[Start of Attachment]

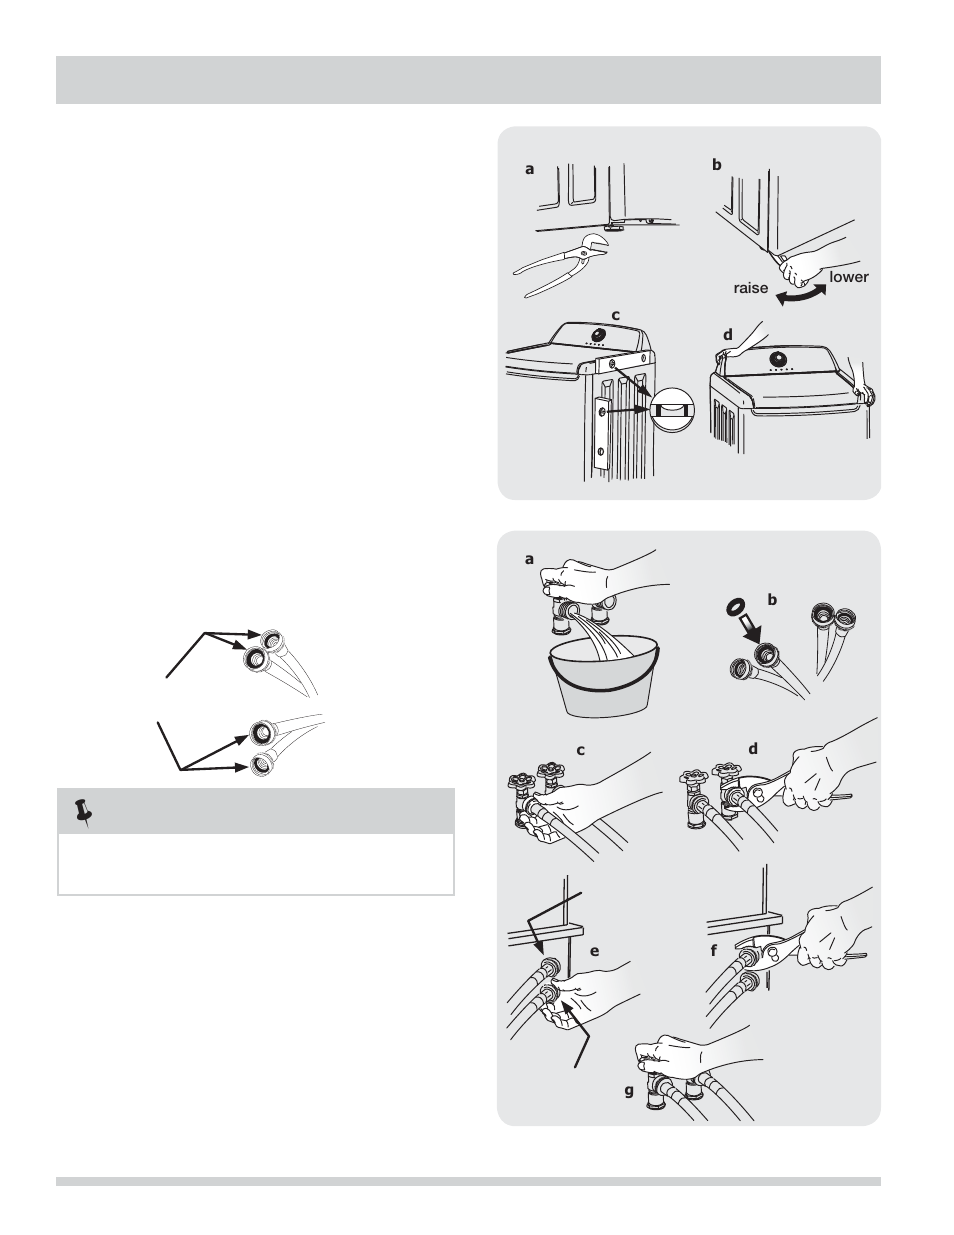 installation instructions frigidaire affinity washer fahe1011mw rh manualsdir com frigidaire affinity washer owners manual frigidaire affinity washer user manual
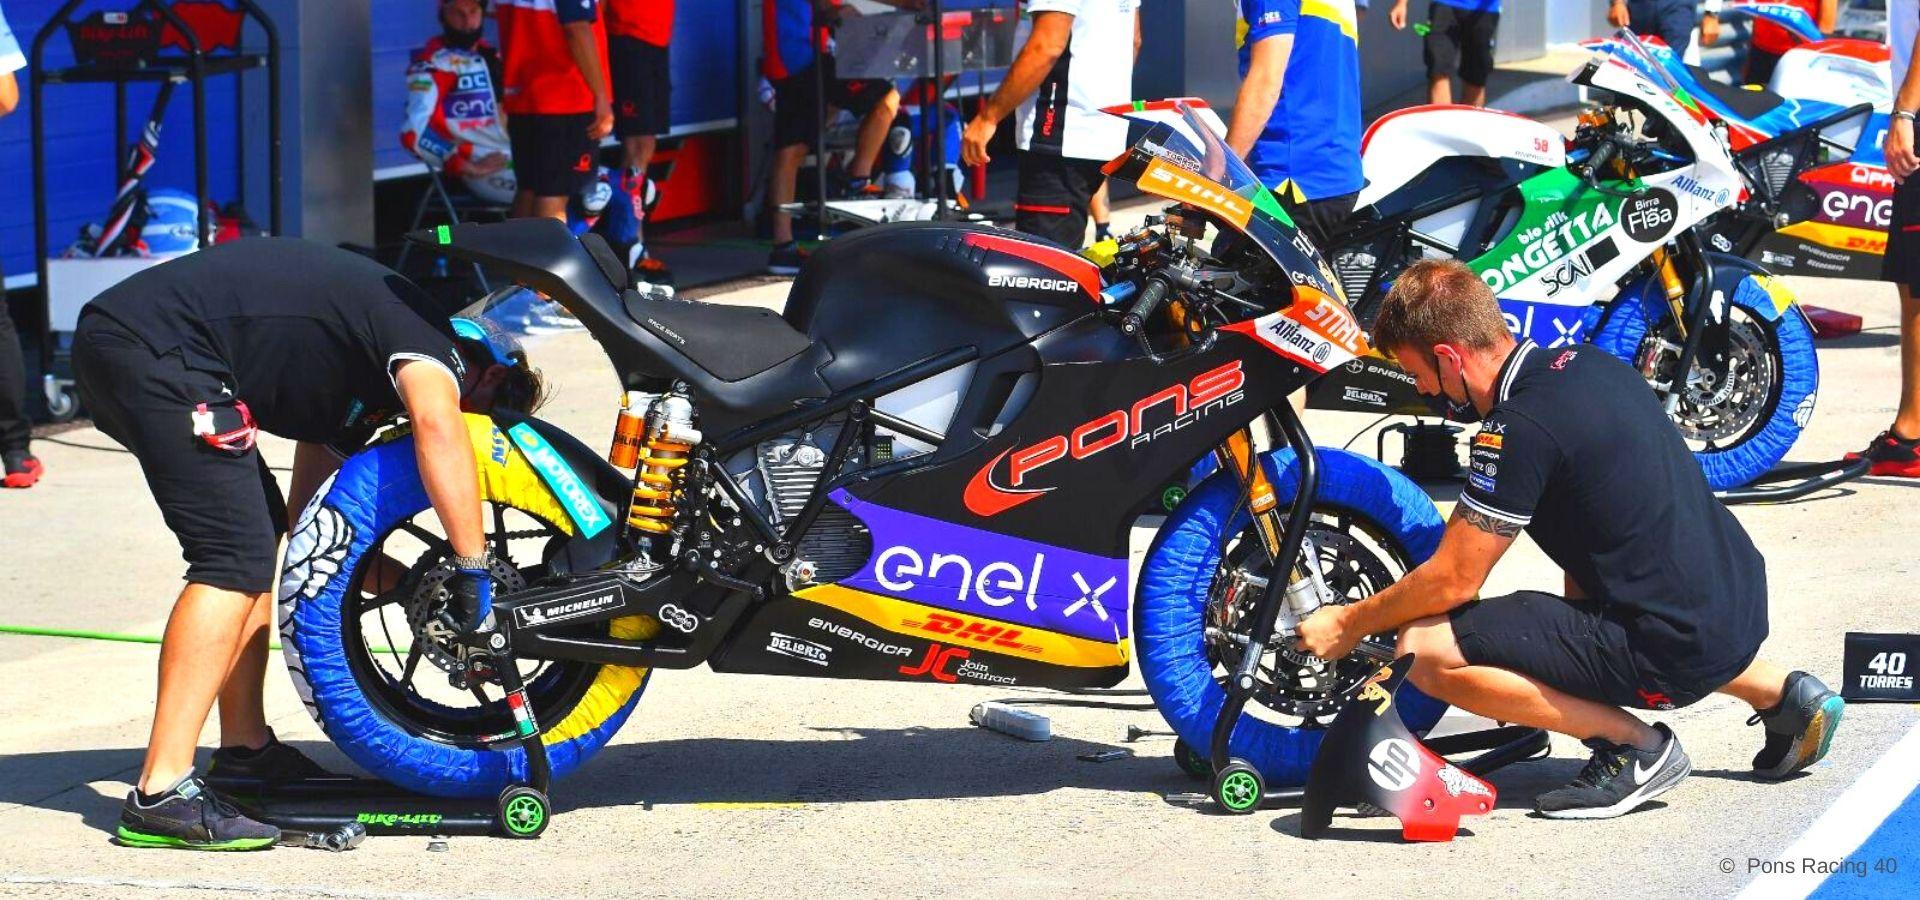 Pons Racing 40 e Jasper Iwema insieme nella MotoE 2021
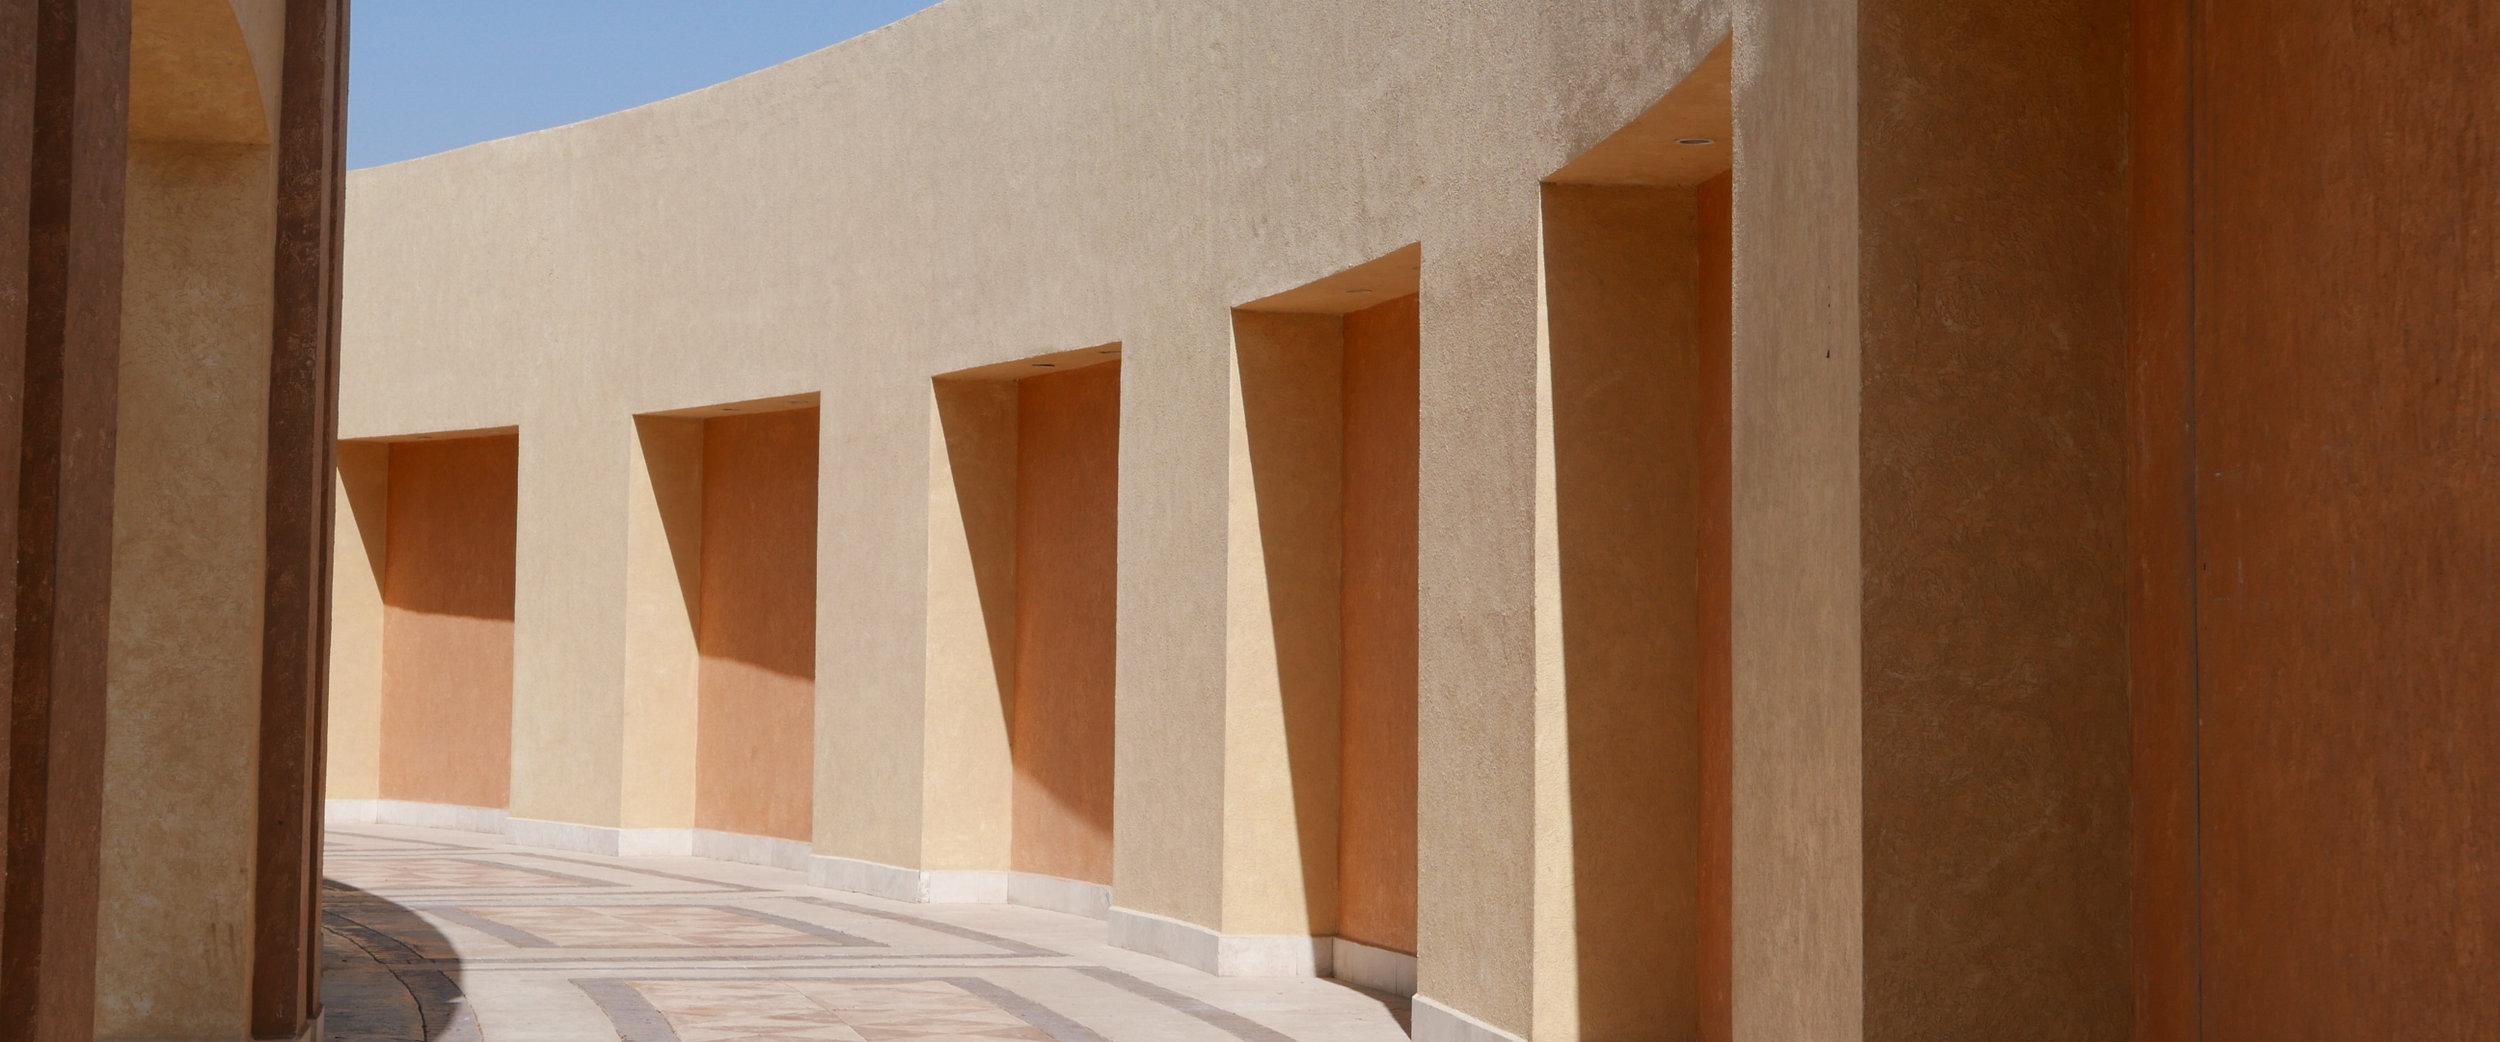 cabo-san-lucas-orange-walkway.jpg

[End of Attachment]

Where a picture appears in the material above, skip it, and print the rest exactly.

▸ **EXERCISE RESPONSE**
 installation instructions frigidaire affinity washer fahe1011mw rh manualsdir com frigidaire affinity washer owners manual frigidaire affinity washer user manual
 Pons Racing 40 e Jasper Iwema insieme nella MotoE 2021
 cabo-san-lucas-orange-walkway.jpg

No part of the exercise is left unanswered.